Une BD engagée et instructive qui éclaire un aspect méconnu de l’histoire agricole française.
Après la BD retentissante " Les algues vertes" publiée en 2019 par Inès LERAUD, "Champs de bataille" s'attaque ici au remembrement des campagnes Françaises.
Histoire méconnue du grand public, le remembrement a cependant marqué des générations de paysans.
Remembrement : "politique foncière qui s'appuie sur une loi de 1941, une loi vichyste et qui va déployer l'agriculture intensive en France après guerre, notamment avec l'aide américaine, le plan Marshall et à tous les produits des sous-productions. On va agrandir les parcelles agricoles, regroupées autour des fermes car à cette époque, elles sont dispersées dans la campagne. Les terres vont pouvoir être cultivées avec des machines. Des arbres et des haies sont détruits. On rectifie les rivières en les faisant aller tout droit. C'est une loi très autoritaire qui outrepasse la propriété privée et les propriétaires n'ont pas leur mot à dire." Ines Leraud
Après leur précédente enquête, Les Algues Vertes, Inès Léraud et Pierre Van Hove s'intéressent au plus grand plan social du XXème siècle : le remembrement. Politique à marche forcée pour le déploiement de l'agriculture intensive de l'après-guerre, le remembrement a consisté à regrouper les terres afin de les adapter à la mécanisation, d'augmenter la production, et de transformer la France en puissance agricole mondiale. L'objectif a été atteint, mais on a vu depuis le Covid et la guerre en Ukraine que la destruction des paysages ruraux et de la biodiversité, la massification de l'exode rural et la transformation en profondeur du tissu social paysan ont créé une agriculture mondialisée, mais qui peine à nourrir les français dans les régions. Inès Léraud pointe les luttes et les souffrances des humains. La ligne claire de Van Hove est au service du propos. Le sujet est passionnant, l’enquête aboutie, et les lecteurs devraient s’enrichir humainement et politiquement en lisant cette BD.
Portée par une enquête engagée, bien documentée, nourrie de témoignages puissants, cette BD nous permet de comprendre d'autant plus les enjeux actuels, de la souffrance paysanne à la remise en état de la biodiversité. Le remembrement a rasé bien plus que des talus : il a défiguré des paysages, effacé des mémoires, brisé des vies rurales.
Pouvons-nous encore aujourd’hui faire marche arrière ou réparer les erreurs du passé ?
À découvrir pour mieux comprendre l’histoire enfouie du monde agricole.
"GARDAREM NO LARZAC"
Retour sur la lutte emblématique des paysans du Larzac contre l'extension d'un camp militaire. Une BD en forme de reportage qui nous plonge dans le déroulement des évènements.
Magnifique BD co-signée par Pierre-Marie Terral, scénariste, et Sébastien Verdier, dessinateur, est dédiée à « celles et ceux qui ont gardé le Larzac… »
Le plateau du Larzac a été au coeur d'une lutte qui a mobilisé des centaines de milliers de personnes à partir de 1971. Tout a débuté lors de l'annonce de l'extension du camp militaire situé sur le plateau.

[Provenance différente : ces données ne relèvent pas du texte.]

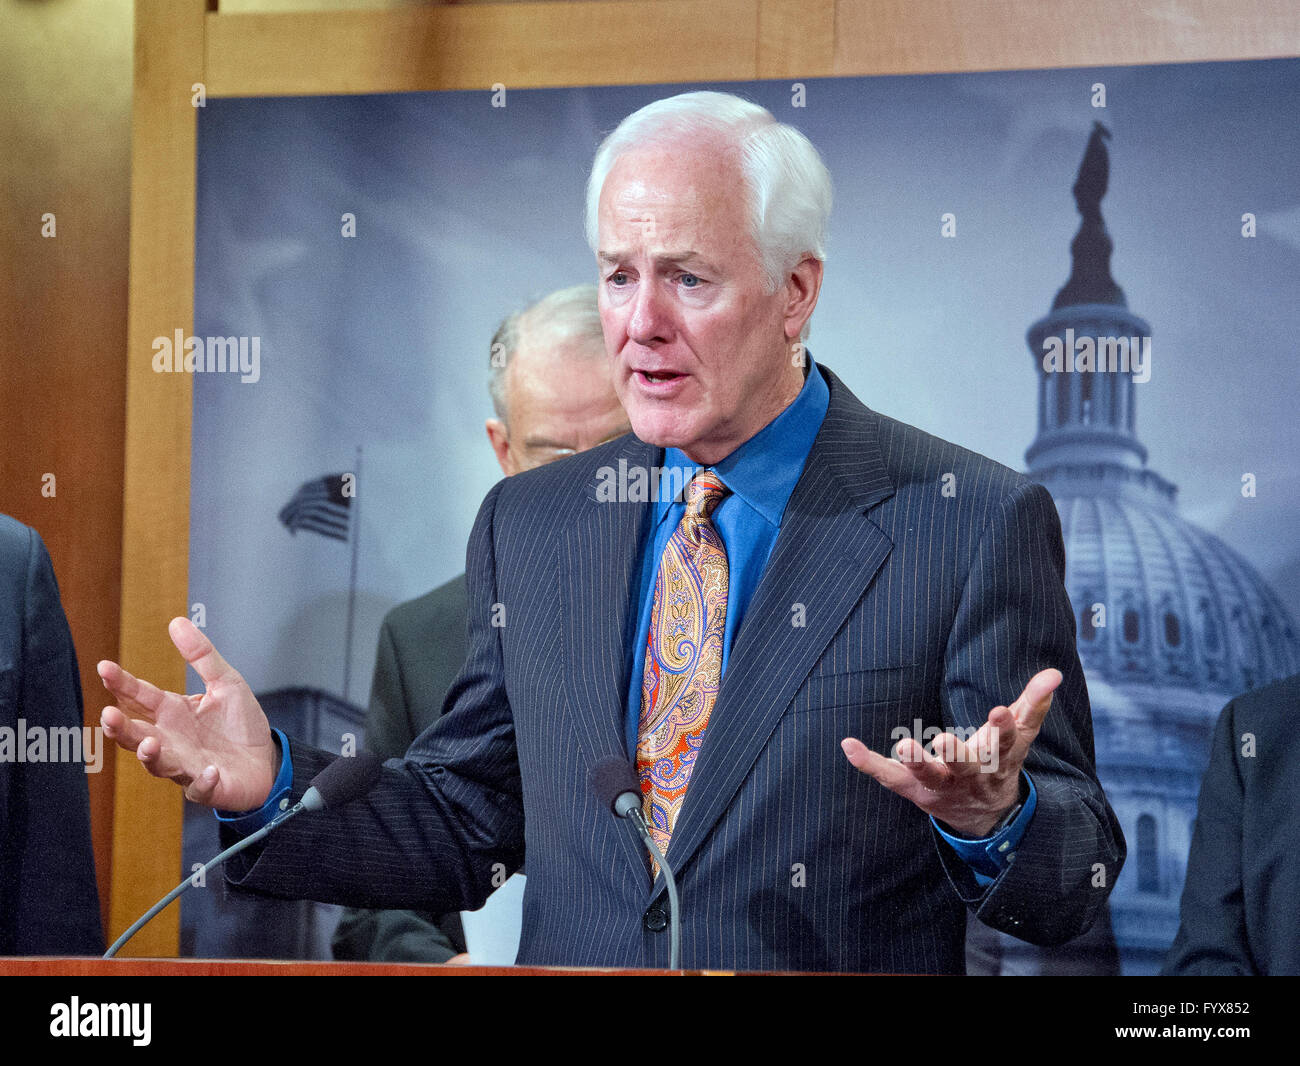 United States Senator John Cornyn (Republican of Texas) makes remarks at a press conference calling on the US Senate Republican leadership to bring to the floor the bipartisan Sentencing Reform and Corrections Act, a bill to reduce some mandatory minimum sentences and apply those changes retroactively to inmates currently serving unfair sentences. Credit: Ron Sachs/CNP - NO WIRE SERVICE - Stock Photo

Menacés d'expropriation, les agriculteurs s'engagèrent dans un combat qui, durant une décennie, mobilisa autour d'eux un large et hétéroclite mouvement, dynamisé par les comités sur tout le territoire.
Le livre décrit très bien la manière dont un mouvement initié par des paysans directement concernés par une nouvelle qui va impacter leur vie, devient une lutte contre un modèle, un symbole politique et sociétal. Il est également le terrain de jeu d'une mouvance révolutionnaire qui n'hésite pas à s'engager totalement dans une nouvelle vie pour prendre part à la résistance. La durée du combat, qui a finalement obtenu gain de cause au bout de dix ans, continue d'alimenter les mouvements activistes qui le prennent en exemple de la possibilité de vaincre un système, ici l'armée toute puissante. Le récit en lui-même est construit simplement. Il raconte une suite d'évènements comme le ferait un reportage avec des images d'époque. Le dessin en noir et blanc de Sébastien Verdier est classique, précis et réaliste. La terre aride et les maisons en pierre sont très bien rendues. L'agitation militante, les constructions de maisons en bois pour occuper le terrain offrent des moments de plongée dans l'ambiance du moment. Pour finir, une postface raconte le sens politique qu'aura pris le combat pour le Larzac et permet évidemment de mieux comprendre la forme des mobilisations actuelles autour de divers projets à travers la France.
À travers cette lutte paysanne, le Larzac reste encore aujourd'hui un symbole de résistance, de mobilisation pour la défense de l'environnement, de l'aménagement du territoire et tout simplement du monde rural.